The test harness runs from a dedicated host computer, which is expected to have reset- and programming-capable UART links to both ESP8266 devices, as found on almost all ESP8266 boards with USB to UART adapters, but the host does not necessarily need to use USB to connect, so long as TXD, RXD, DTR, and RTS are wired across.
The alternate pins on the primary D1 Mini (DUT0) are cross wired to the RX and TX pins on the secondary D1 Mini (DUT1) and these are enabled by a pin on the MCP23017.
Build Notes
The only thing that needs to be done is to solder on 0.1" headers at the required positions. Typically D1 Minis come with 2 sets of 8 pin headers, both male and female. I solder the female headers to the board, and the maie headers to the D1 minis. Other, mostly 4 pin, headers can be soldered at the other positions. The 7 pin header for the color sensor (TCS34725) requires some care as the board needs to be mounted upside down so that the sensor is directly above the WS2812.
The screw holes at the corners are for M3 screws. A standard adhesive rubber foot can also be used. There are no components on the underside of the test board, so not much clearance is required (only the length of the various headers soldered on the board).
Power
The board is powered by either (or both) D1 Mini USB connection. Given the cross connects between the two D1 Minis, I think that all the tests can be conducted from DUT0, but it is probably easier to connected both of the D1 Minis via USB to the test runner.
There is a small resistor between the two 5 volt rails to prevent large currents if the two USB feeds are at slughtly different voltages. The 3.3 volt rails are directly connected together. If the regulators produce slightly different voltages, then the one producing the higher voltage will end up providing all the power for the 3.3 volt devices.
Peripherals
I2C Bus
There is an I2C bus hanging off DUT 0. Attached hardware is used both as tests of modules directly and also to facilitate testing other modules (e.g., gpio).

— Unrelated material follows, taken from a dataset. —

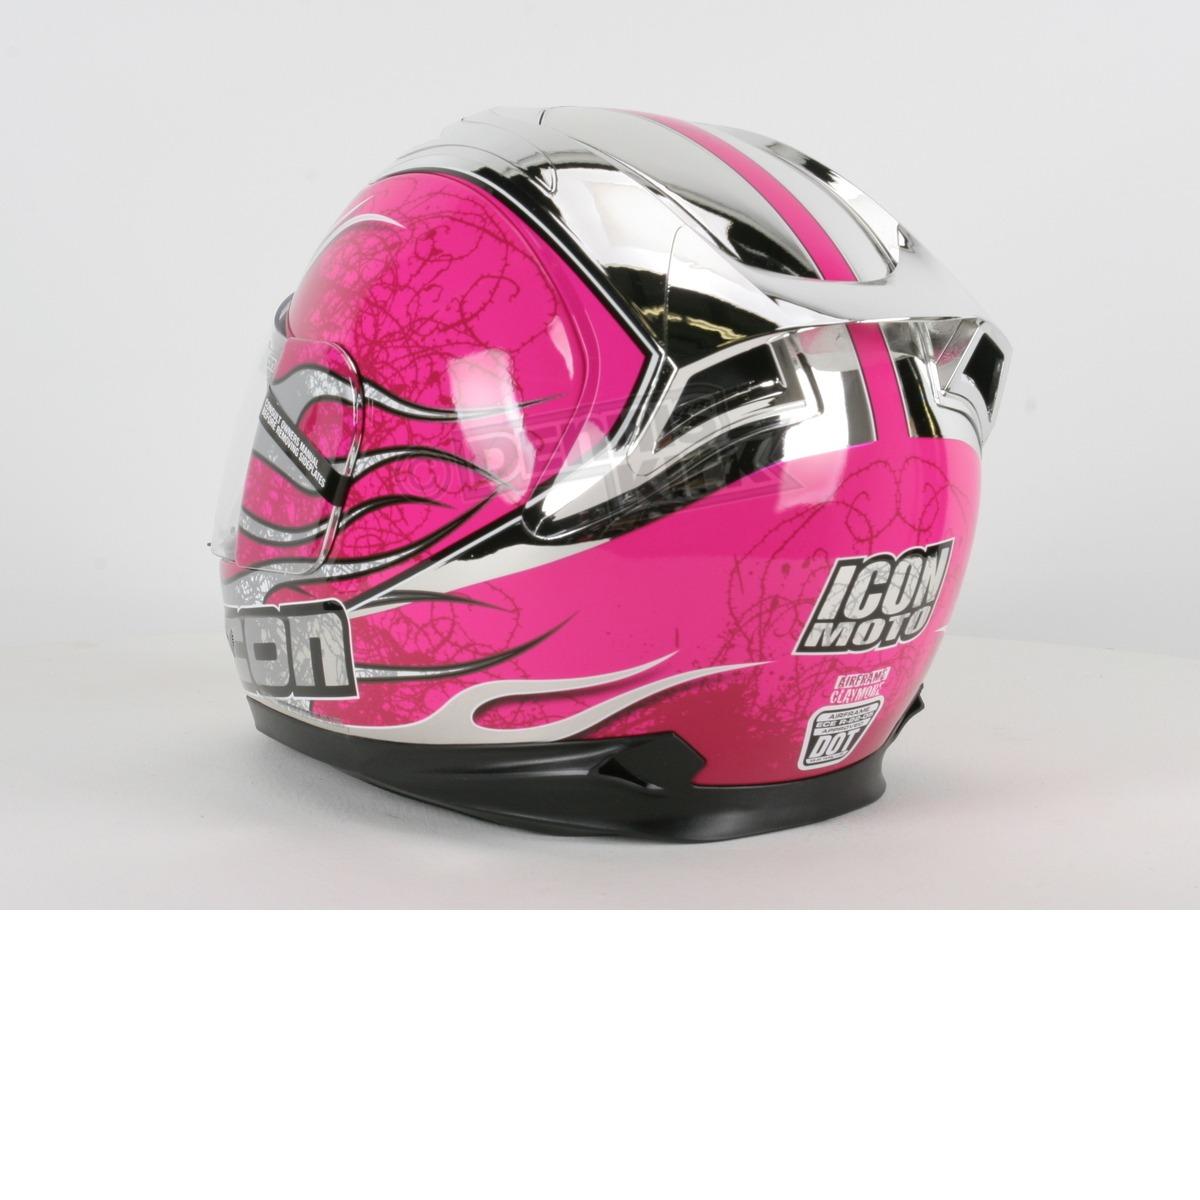 Мотошлем ICON Airframe Claymore Pink Chrome  Артмото - купить квадроцикл в украине и харькове, мотоцикл, снегоход, скутер, мопед, электромобиль

Most of the positions on the board are connected to the DUT1 I2C bus.
MCP23017: I/O Expander
At address 0x20. An 16-bit tristate GPIO expander, this chip is used to test I2C, GPIO, and ADC functionality. This chip's interconnections are as follows:
MPC23017 | Purpose |
---|---|
/RESET | DUT0 reset. This resets the chip whenever the host computer resets DUT 0 over its serial link (using DTR/RTS). |
B 0 | 4K7 resistor to DUT 0 ADC. |
B 1 | 2K2 resistor to DUT 0 ADC. |
B 2 | Direct to DUT1 RST |
B 3 | Direct to DUT1 D3 |
B 4 | When low, connects the alternate UART pins on DUT0 to RX,TX on DUT1 |
B 5 | DUT1 GPIO16/WAKE via 4K7 resitor |
B 6 | DUT0 GPIO13 via 4K4 resistor and DUT1 GPIO15 via 4K7 resistor (also feeds in the primary TX from DUT1 when enabled by B4) |
B 7 | DUT0 GPIO15 via 4K7 resistor and DUT1 GPIO13 via 4K7 resistor (also feeds the primary RX on DUT1 when enabled by B4) |
Notes:
- DUT 0's ADC pin is connected via a 2K2 reistor to this chip's port B, pin 1 and via a 4K7 resistor to port B, pin 0. This gives us the ability to produce approximately 0 (both pins low), 1.1 (pin 0 high, pin 1 low), 2.2 (pin 1 high, pin 0 low), and 3.3V (both pins high) on the ADC pin.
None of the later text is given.